61 閑話
【カヴィヨン 3歳】
かーさまはめがみさまと仲良しで、キョーカイでよく話してリュんだ。僕もよく連れて行ってもらって、めがみさまとお話しすリュんだけど、なじぇかキョーカイを出ると、何を話したのか忘れちゃうんだ?でもめがみさまと一緒にいた事は覚えていリュよ。でもね…キョーカイを出リュと、めがみさまのお顔とか思い出せないんだ。それに、めがみさまと会って話をした事も、誰にも話せないんだ。
あ、フェンリリュばあやとフェンリリュじいじには話せリュんだっけ。それと、モリーノにも話せた。不思議だよね。ほかの人には話せないみたい。でも良いんだ。かーさまととーさまには話せリュから。僕がめがみさまとお話していリュのは嘘じゃ無いって分かってくれていリュから気にしない。
サリシンじいじは僕にムジュカシイ事を教えようとすリュから、あまり得意じゃ無い。
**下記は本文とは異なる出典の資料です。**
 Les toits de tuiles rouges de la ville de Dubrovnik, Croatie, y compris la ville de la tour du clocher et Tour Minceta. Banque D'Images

フェンリリュばあやのよーに分かりやしゅく教えて欲しいんだけど…僕が困っていリュとかーさまが美味しいお菓子を持って助けに来てくれリュんだ。いーでしょ。
フェンリリュばあやの教えてくれるマホーはムジュカシイけど楽しくて、ついついイタズラに使いたくなってこまりゅんだよね〜でもね、5しゃいになリュまではダメなんだって。かーさまやとーさまがいない時もダメッてヤクショクしゃしぇらりぇた。
あ、オトートとイモートがきたの。クリュとレット。まだしゃべれないし、じぶんで動けないけど可愛いんだ。僕はおニーさまだからね、仲良くしてあげリュんだ。いっぱいあそんであげリュの。
【マジェンダ】
最初は王都とリストランテを行き来して仕事をしていたが、更に母がタルピナスに送られてからは、リストランテの実家に生活の場を戻す事になった。ハリシエダの嫡男である甥のカヴィヨンが生まれた辺りから、私は本格的に父の仕事を回されるようになった。数年前から公爵の名前を使って仕事はしていたが、昨年からは公爵位を正式に引き継いでしまった。
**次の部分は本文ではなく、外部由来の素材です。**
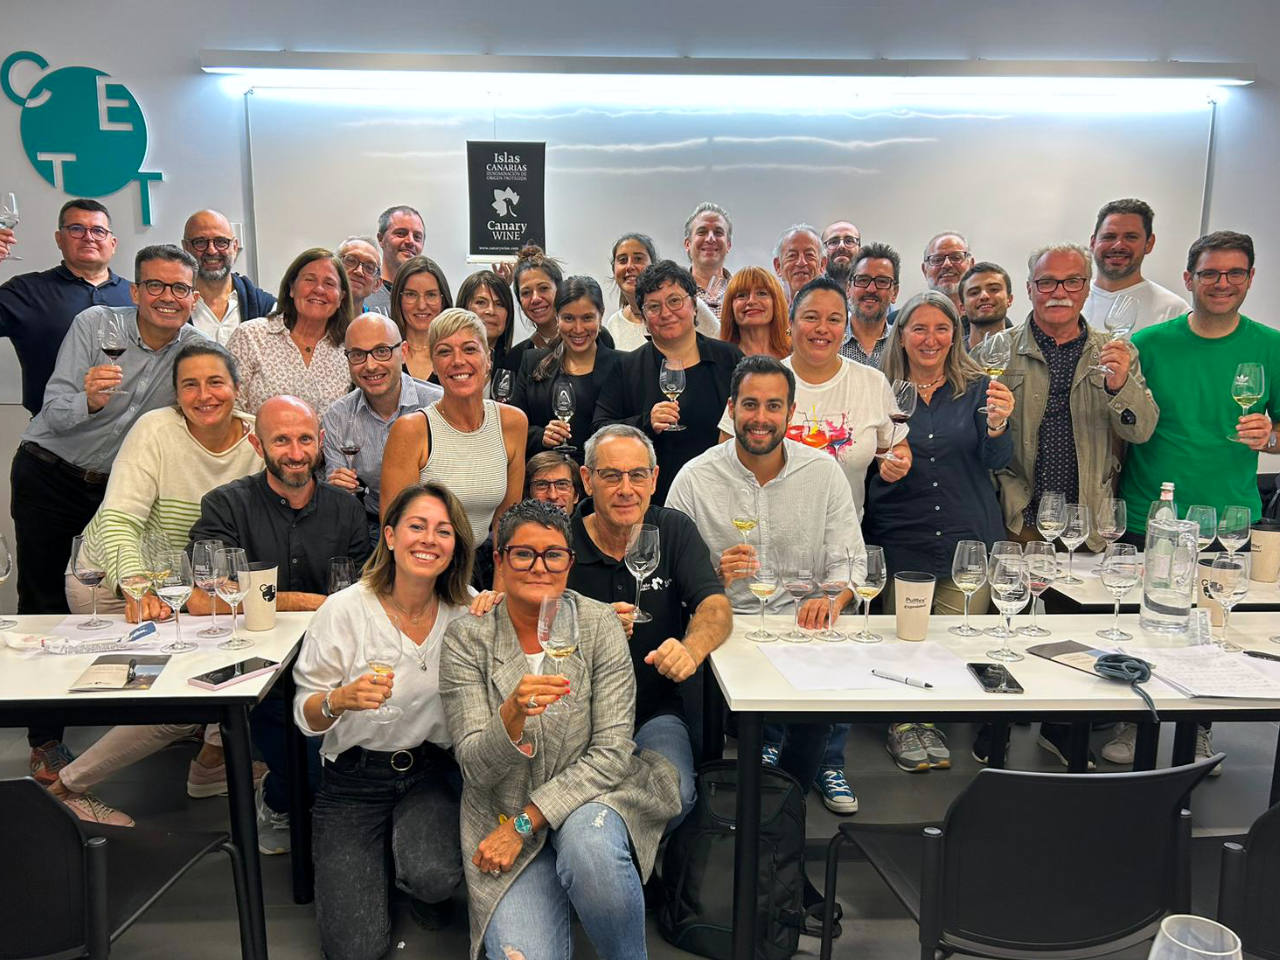 La formación sobre los Canary Wine llega a Cataluña

王都の家はまだ学校に通っている長男のユーリウスが残っているので、逆に父が管理する事になった。とは言え、父は孫三昧が出来て喜んでいる。しかし、母をタルピナスに送りつけた後の父の態度は如何な物だろうか。これまで母のやらかしに苦労して来た背中は見て来たので気持ちはわからんでもないが、でも、少し弾け過ぎではないか?
私は真面目な祖父母と父に育てられたせいか、仕事に対してかなり真面目に向き合っている。別に、それで良いと思ってはいるが、思ってはいるのだが!公爵家の仕事を全て引き継ぐ事になり、王宮の仕事を辞めたからと言って、これ幸いと押し付けられ過ぎではないか?ホントに父はこんなに仕事をしていたのか?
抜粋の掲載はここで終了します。